Przeglądam różne fora związane z moimi zainteresowaniami, rozmawiam z ludźmi i bardzo często pada stwierdzenie: …obiektywnie rzecz ujmując… patrząc obiektywnie i tym podobne, gdzie słowem kluczowym jest „obiektywnie”. Według Wikipedii obiektywizm to bezstronność i postawa wolna od przesądów i uprzedzeń. Jeżeli ktoś czytał wszystko o czym tu pisałem, w szczególności o naszych przekonaniach, etykietach które przyklejamy chyba wszystkiemu i wszystkim to rodzi się pytanie czy istnieje coś takiego jak obiektywizm, prawda obiektywna? Czy nie nadużywamy tych stwierdzeń?

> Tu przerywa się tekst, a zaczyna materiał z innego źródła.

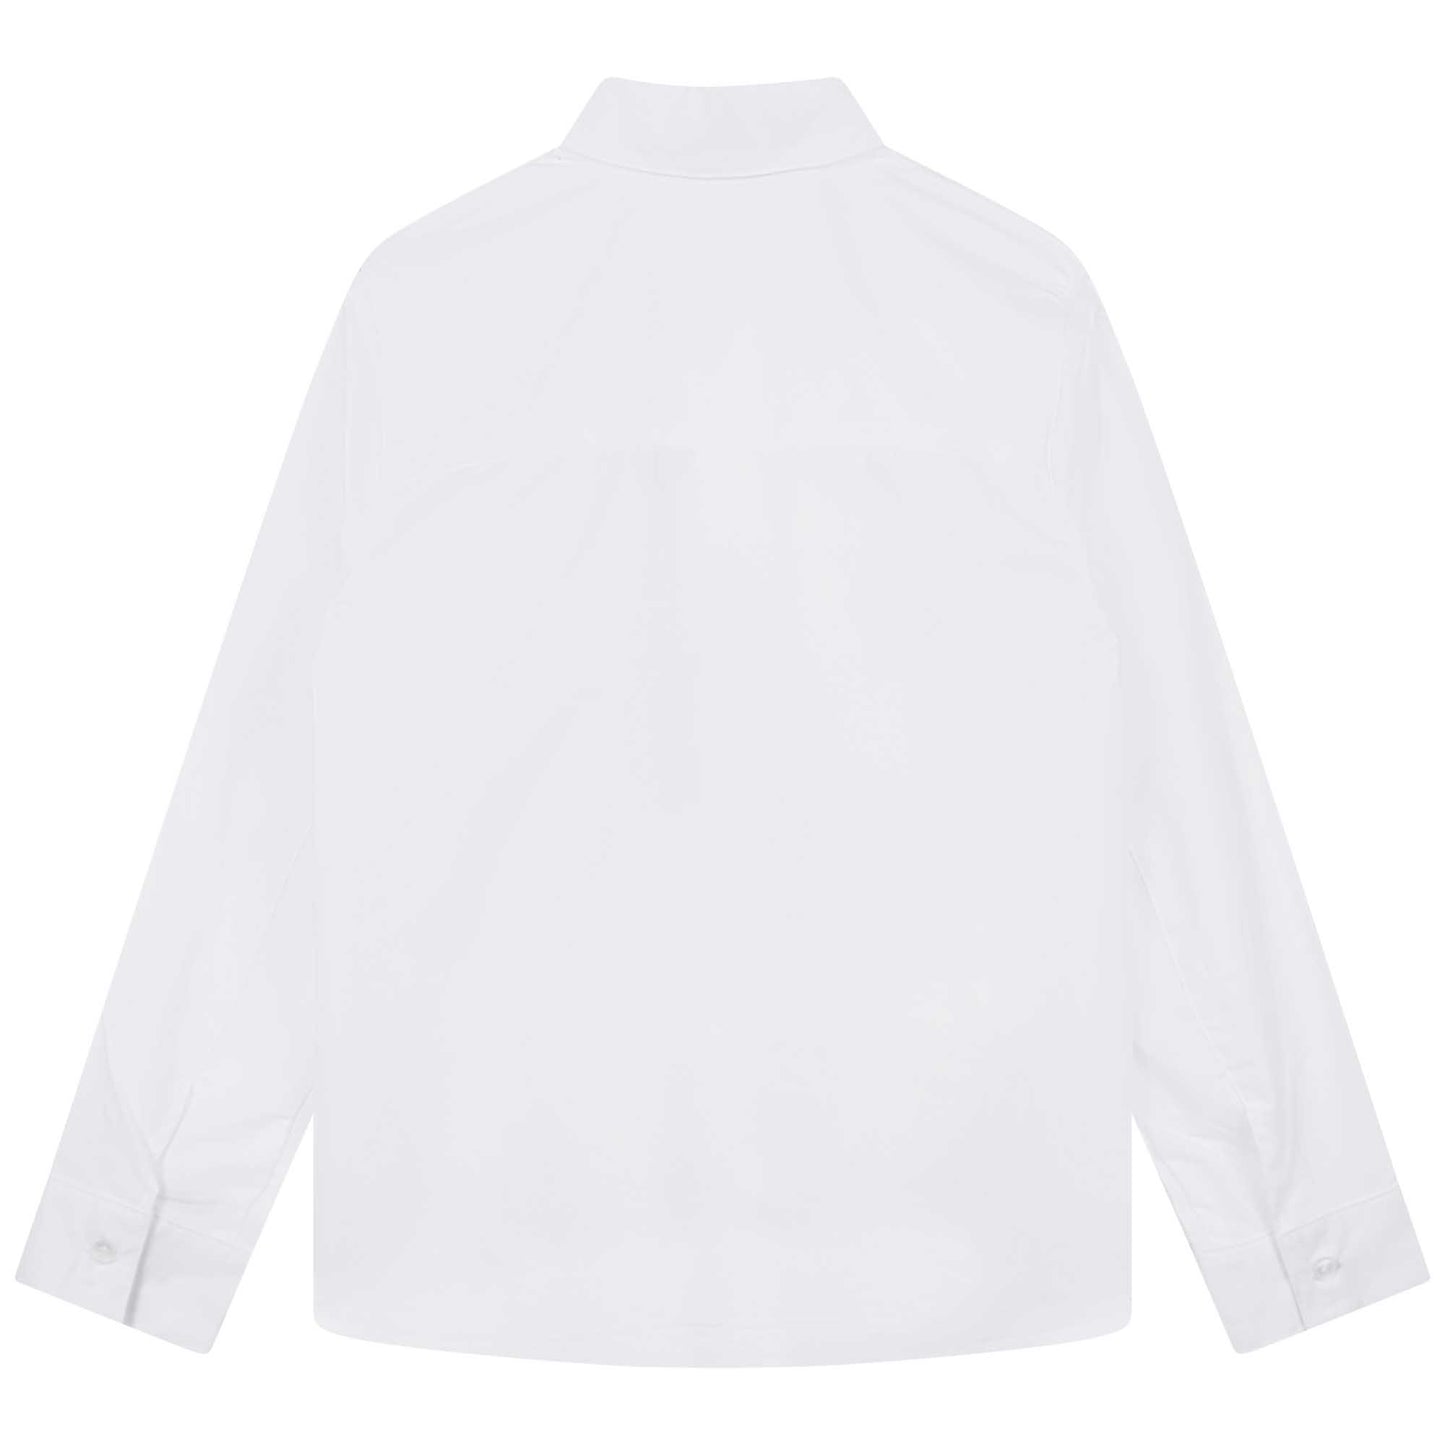 Karl Lagerfeld Boys Button Up Shirt w/ Logo

Trochę z innej strony – chyba prawie we wszystkich firmach wkład pracownika, jego wyniki, efektywność zostaje poddawana co jakiś czas ocenie przez przełożonego. Ocena taka również powinna być jak najbardziej obiektywna a przełożony oceniając podwładnego powinien się wyzbyć wszelkich uprzedzeń i oceniać tylko wyniki i fakty. Jednak czy jest to w 100% całkowicie możliwe aby dokonać takiej rzetelnej, obiektywnej oceny? Śmiem twierdzić, że NIE!! Aby coś móc ocenić powinniśmy odnieść się do jakiegoś wzorca, ale czy takie istnieją? Co jest wzorcem, kto go tworzy? Czy autor wzorca wziął wszystkie aspekty pod uwagę, czy nie kierowały nim jakieś uprzedzenia, niewiedza? Czy nawet oceniając wyniki czy fakty mamy pełne spojrzenie? Ile razy coś się wydarzyło i na pierwszy rzut oka wyglądało tak a później po analizie, spojrzeniu z innej perspektywy wyglądało inaczej.

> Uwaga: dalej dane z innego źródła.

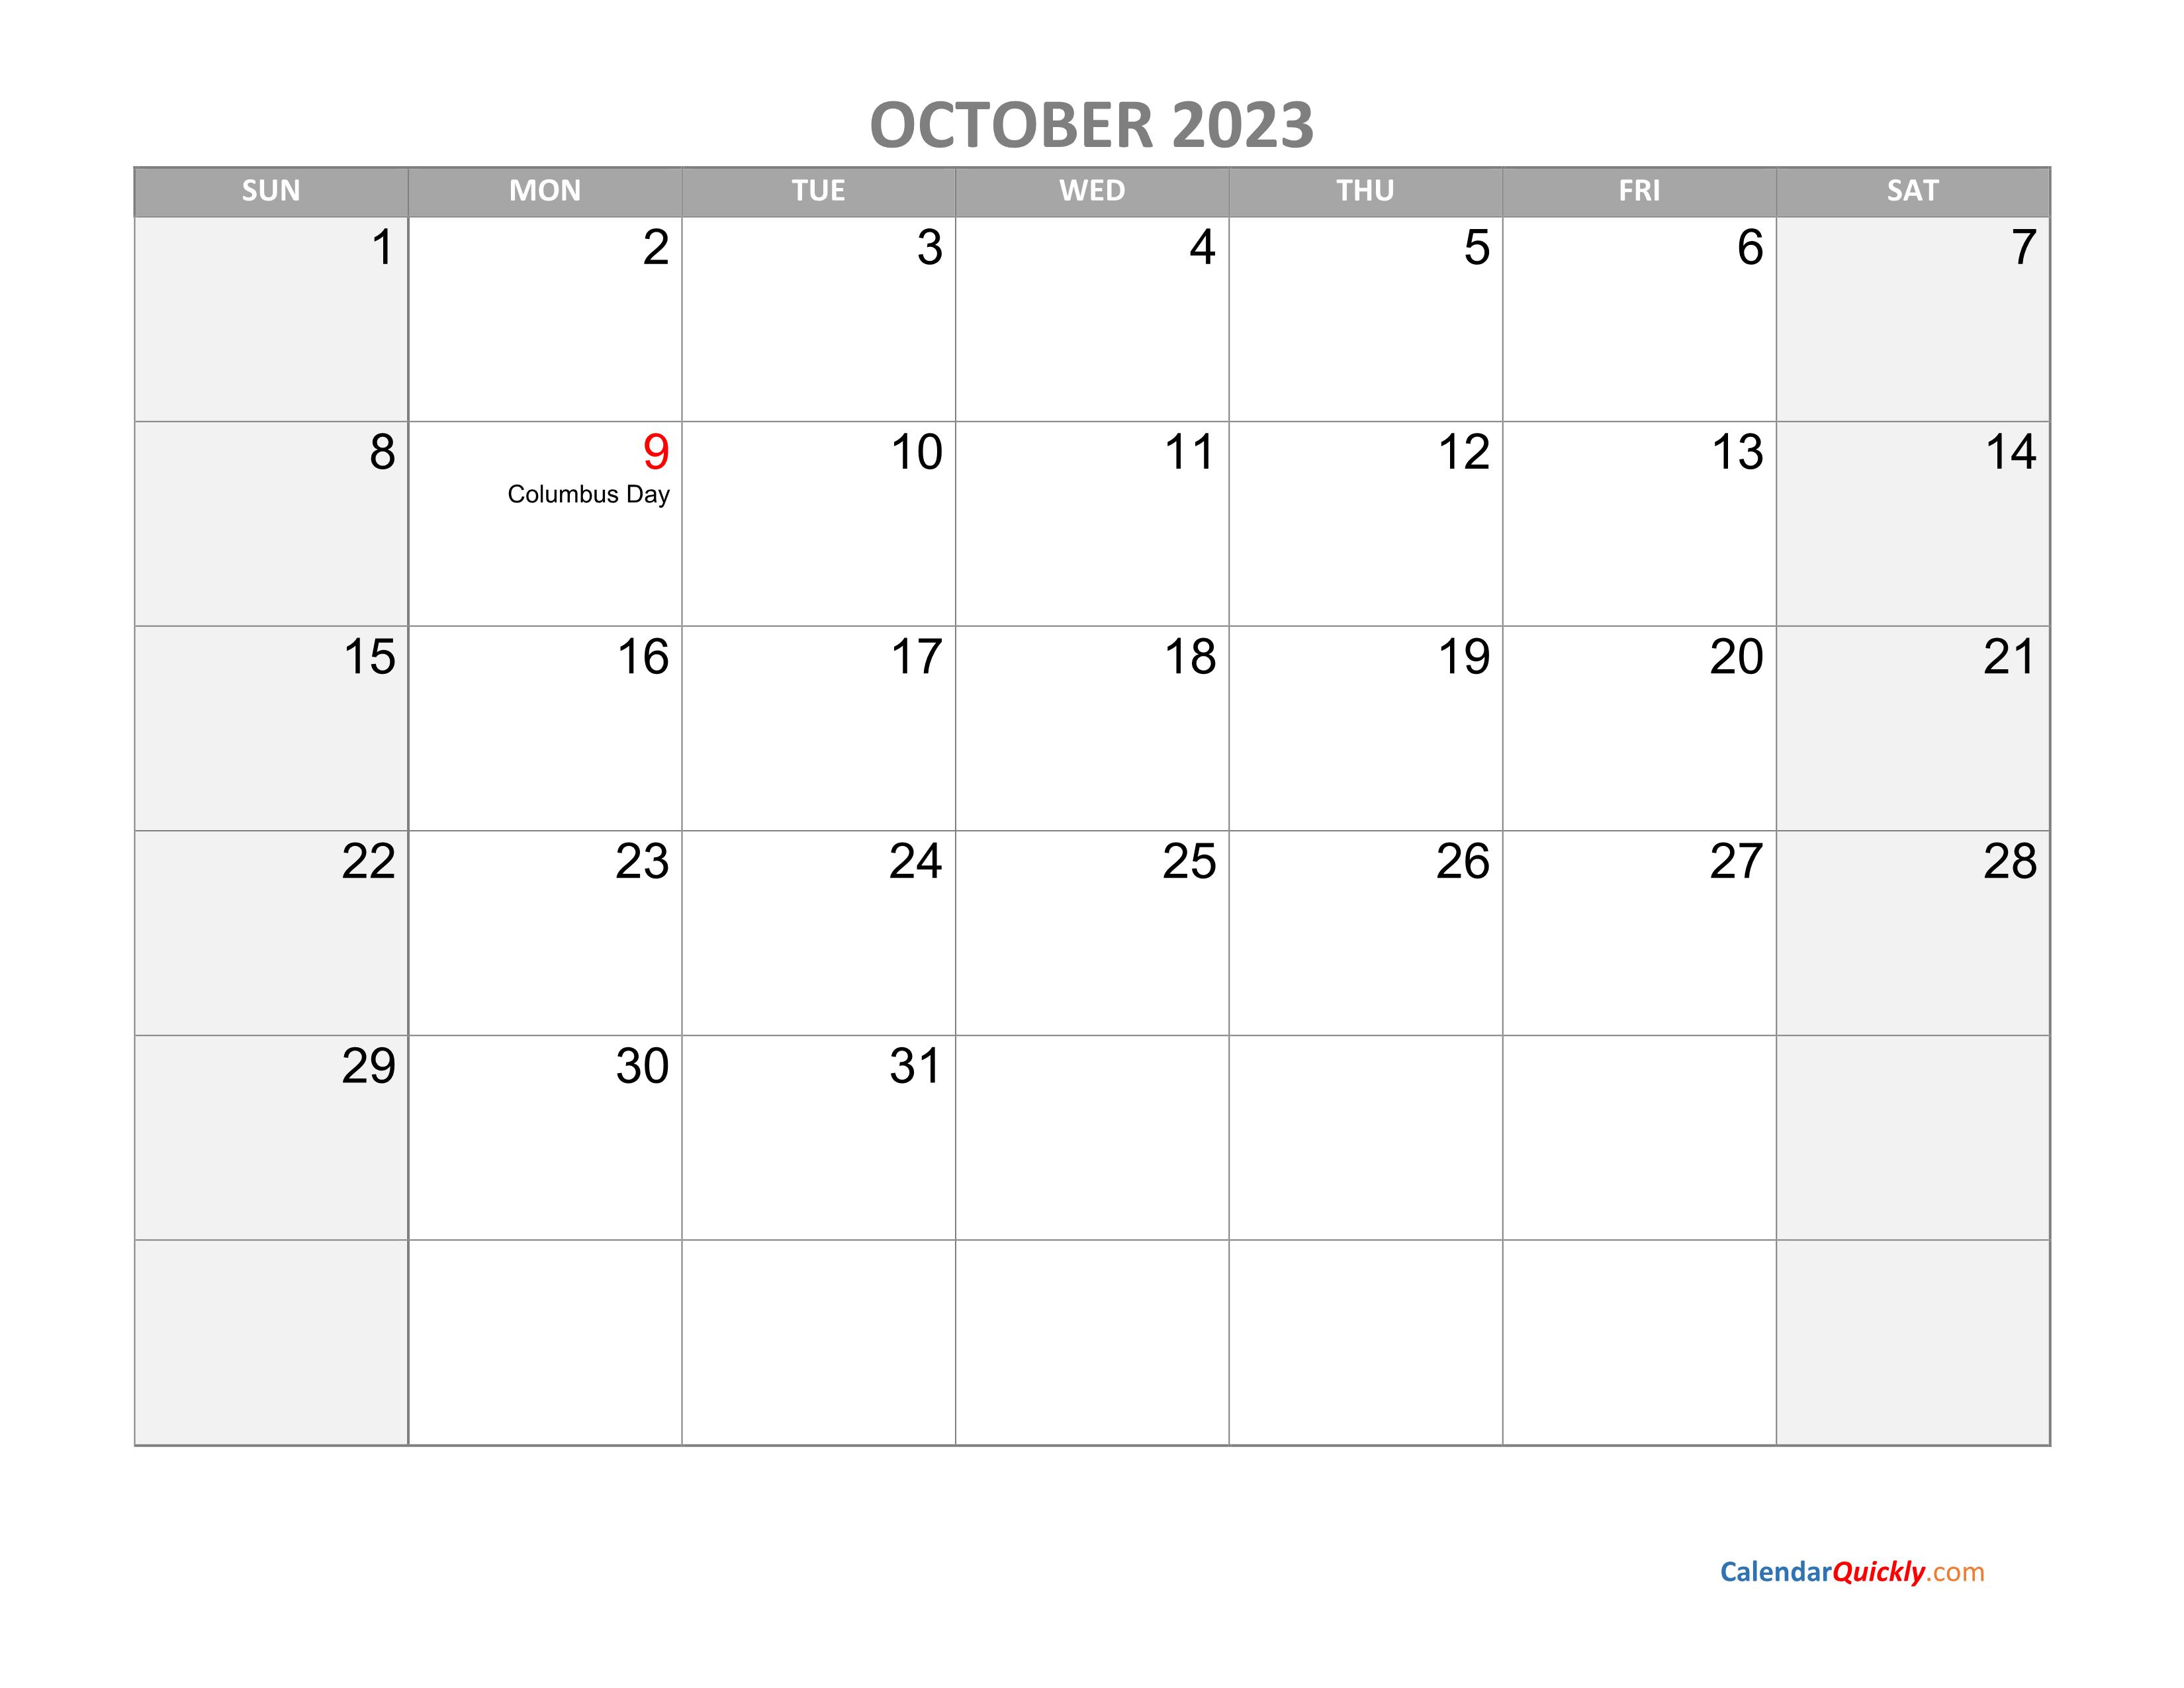 october-calendar-2023-with-holidays-calendar-quickly

Patrząc na to rodzi się drugi dylemat obiektywnej oceny w szkołach naszych dzieci. Jeżeli w przypadku przedmiotów ścisłych wydaje się to proste bo jest z reguły jeden wynik to przy różnego rodzaju pracach opisowych, taki oceniający nauczyciel na pewno kieruje się obiektywizmem? Znów śmiem twierdzić, że NIE. Każdy z nas ma pewno dziesiątki przykładów na niesprawiedliwe oceny. Jakież to zakłada blokady w naszych umysłach?! Po spojrzeniu na ocenę pracownika i ucznia wracam do naszego ogólnego obiektywizmu i prawdy obiektywnej. Czy coś takiego istnieje? Znów śmiem twierdzić, że NIE. Dlatego, że my również komentując daną sytuację, oceniając ją, osobę czy cokolwiek innego robimy to poprzez nasze uwarunkowania kulturowe, wychowanie, nasze przekonania i wartości wyniesione z domu, ze szkoły i nie robimy tego obiektywnie! Przypomina mi się tutaj takie stwierdzenie znalezione w sieci: dla jednych terrorysta dla innych męczennik. I to obrazuje jak postrzegamy świat, poprzez pryzmat naszych przekonań okraszonych dodatkowo naszymi emocjami. Proszę więc nie używać słowa: obiektywnie.
Rozwijając temat wracam do słowa: prawda. Ponownie nawiązuję do Wikipedii gdzie termin prawda określony jest jako cecha wypowiadanych zdań określająca ich zgodność z rzeczywistością. I co to jest ta prawda? Czy prawda nie powinna być jedna, niezmienna, nieśmiertelna? To chyba Goebbels powiedział, że kłamstwo powtórzone tysiąc razy staje się prawdą. Jest Twoja prawda, moja prawda. Wydaje mi się, że obecnie nadużywamy słowa prawda. Każda grupa ludzi, religia ma swoje prawdy ale nie są to Prawdy przez P tylko przez p. I te przez p są również uwarunkowane kulturą, przekonaniami, obecnym stanem wiedzy. Łącząc te dwa aspekty: obiektywizm i prawdę dochodzę do wniosku, że prawda obiektywna nie istnieje. Prawdę przez P każdy ma w sobie i powinien drogą rozwoju, medytacji i miłości odnaleźć ją w sobie. Czego każdemu życzę!